───── Available records
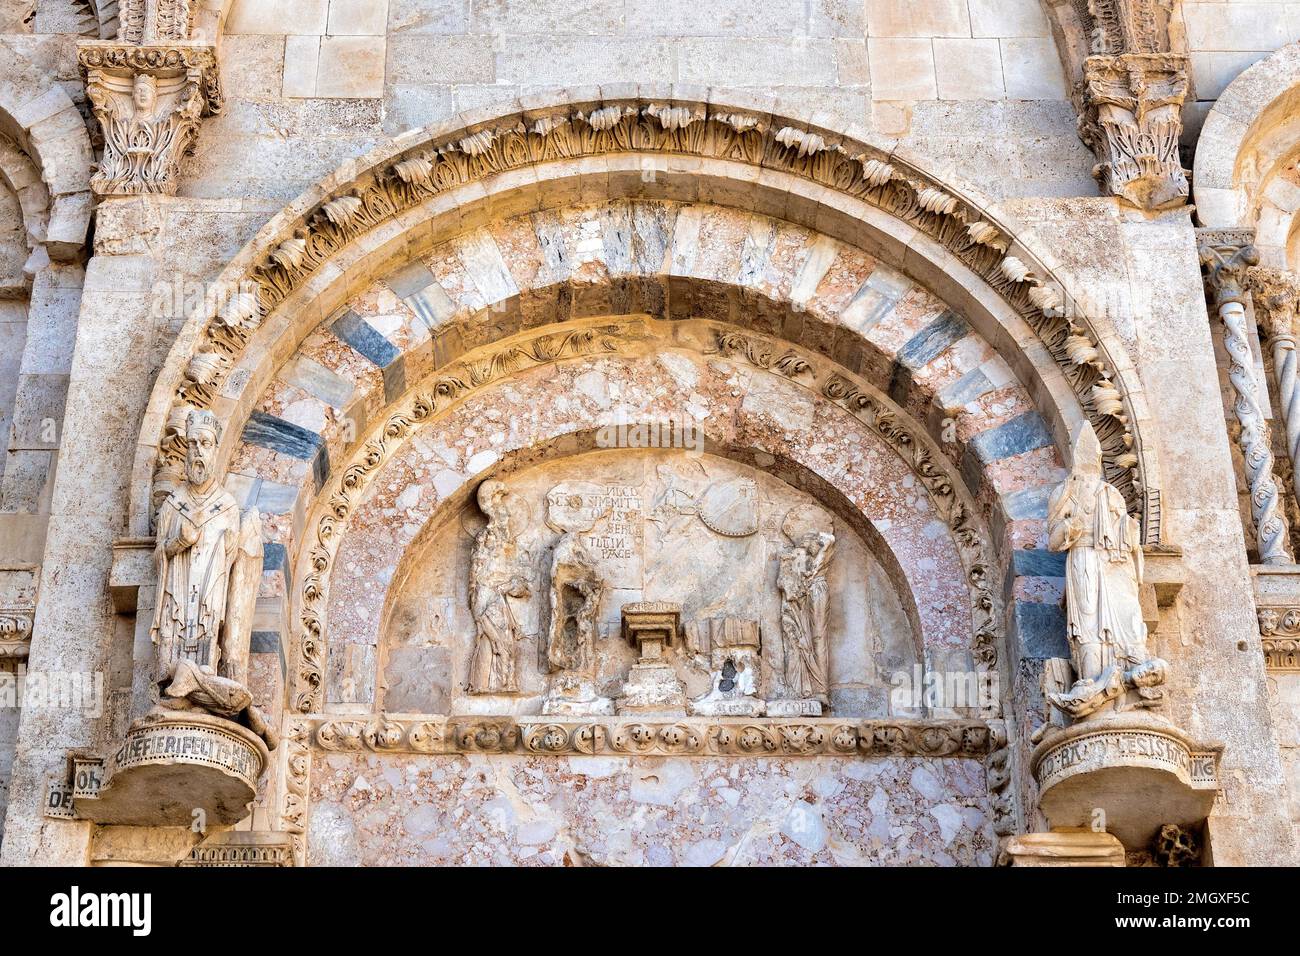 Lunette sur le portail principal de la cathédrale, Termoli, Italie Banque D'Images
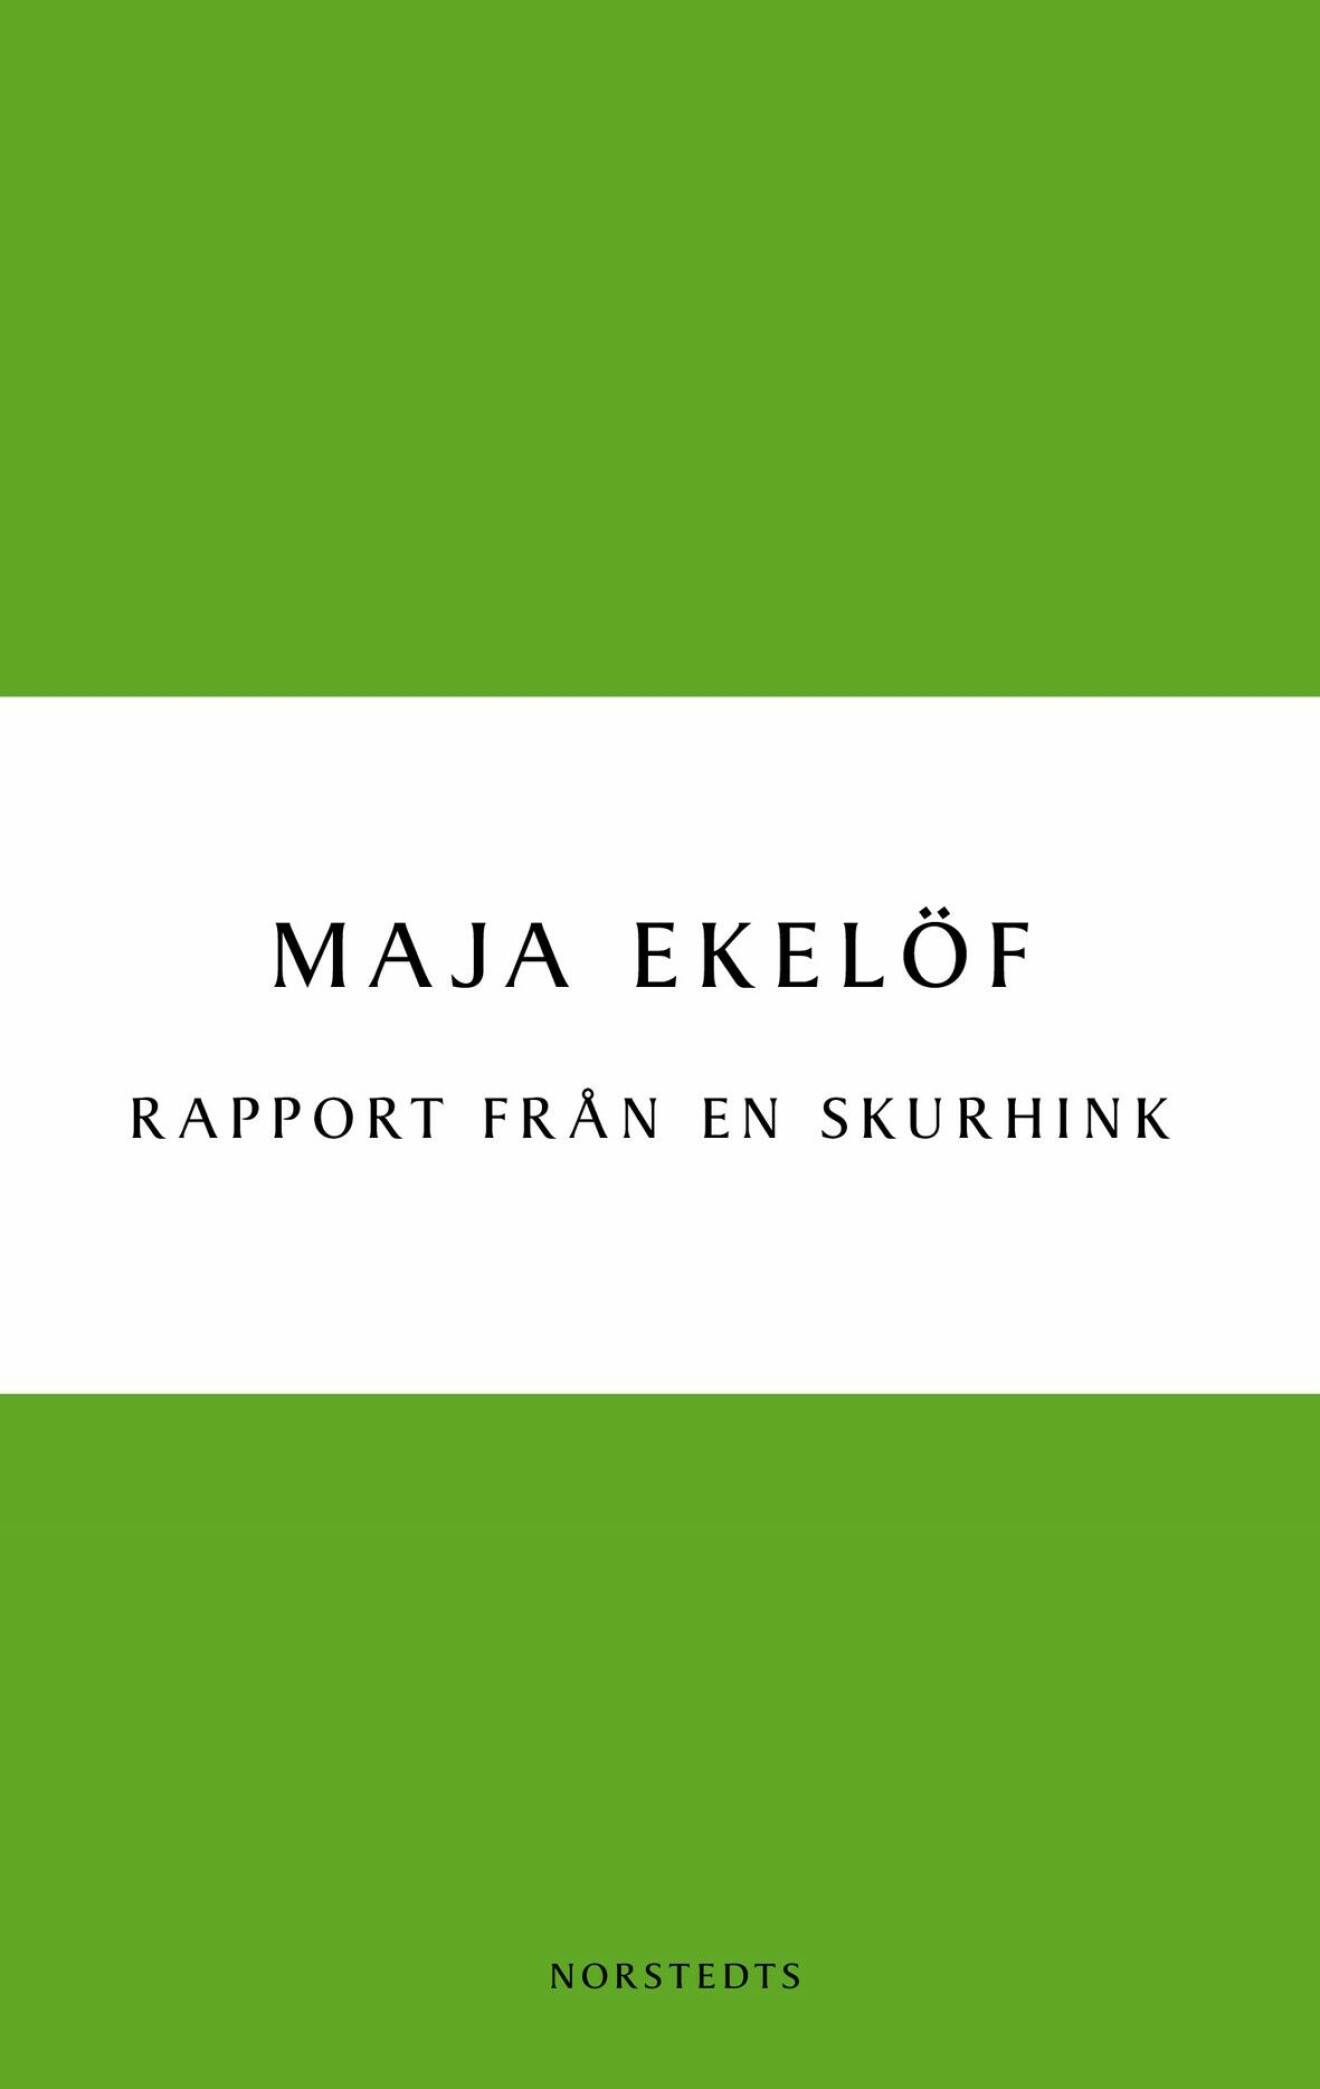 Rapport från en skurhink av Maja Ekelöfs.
──────────
───── Available records
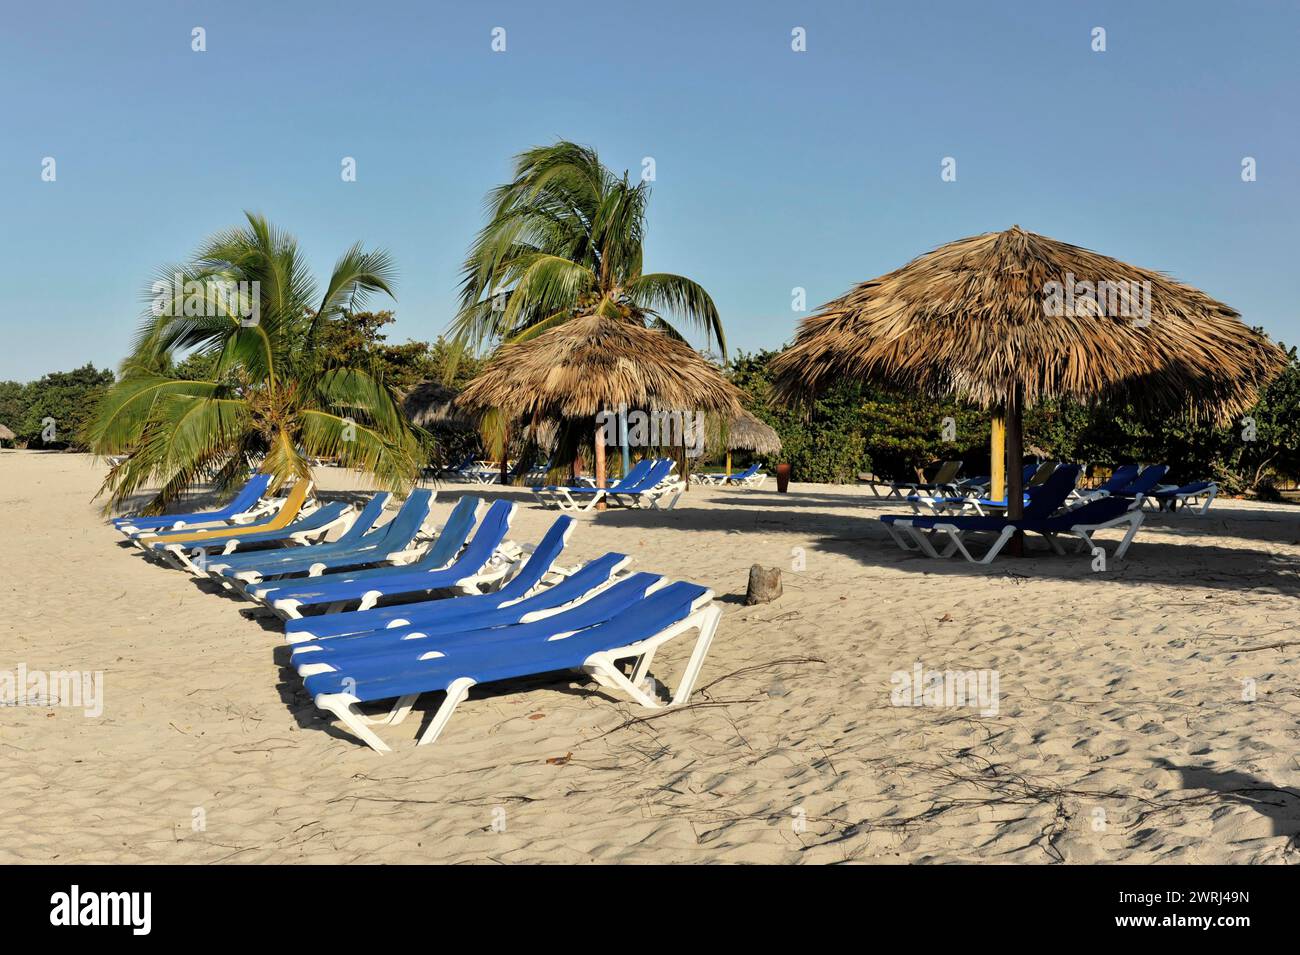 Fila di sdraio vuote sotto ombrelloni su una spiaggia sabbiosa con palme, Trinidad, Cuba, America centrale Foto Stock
──────────
Work instruction —
What's needed is an exact copy of the records above from the line containing "Lunette sur le" down to the line containing "Rapport från en skurhink av Maja Ekelöfs.", both included, without any pictures.

Exercise response —
 Lunette sur le portail principal de la cathédrale, Termoli, Italie Banque D'Images
 Rapport från en skurhink av Maja Ekelöfs.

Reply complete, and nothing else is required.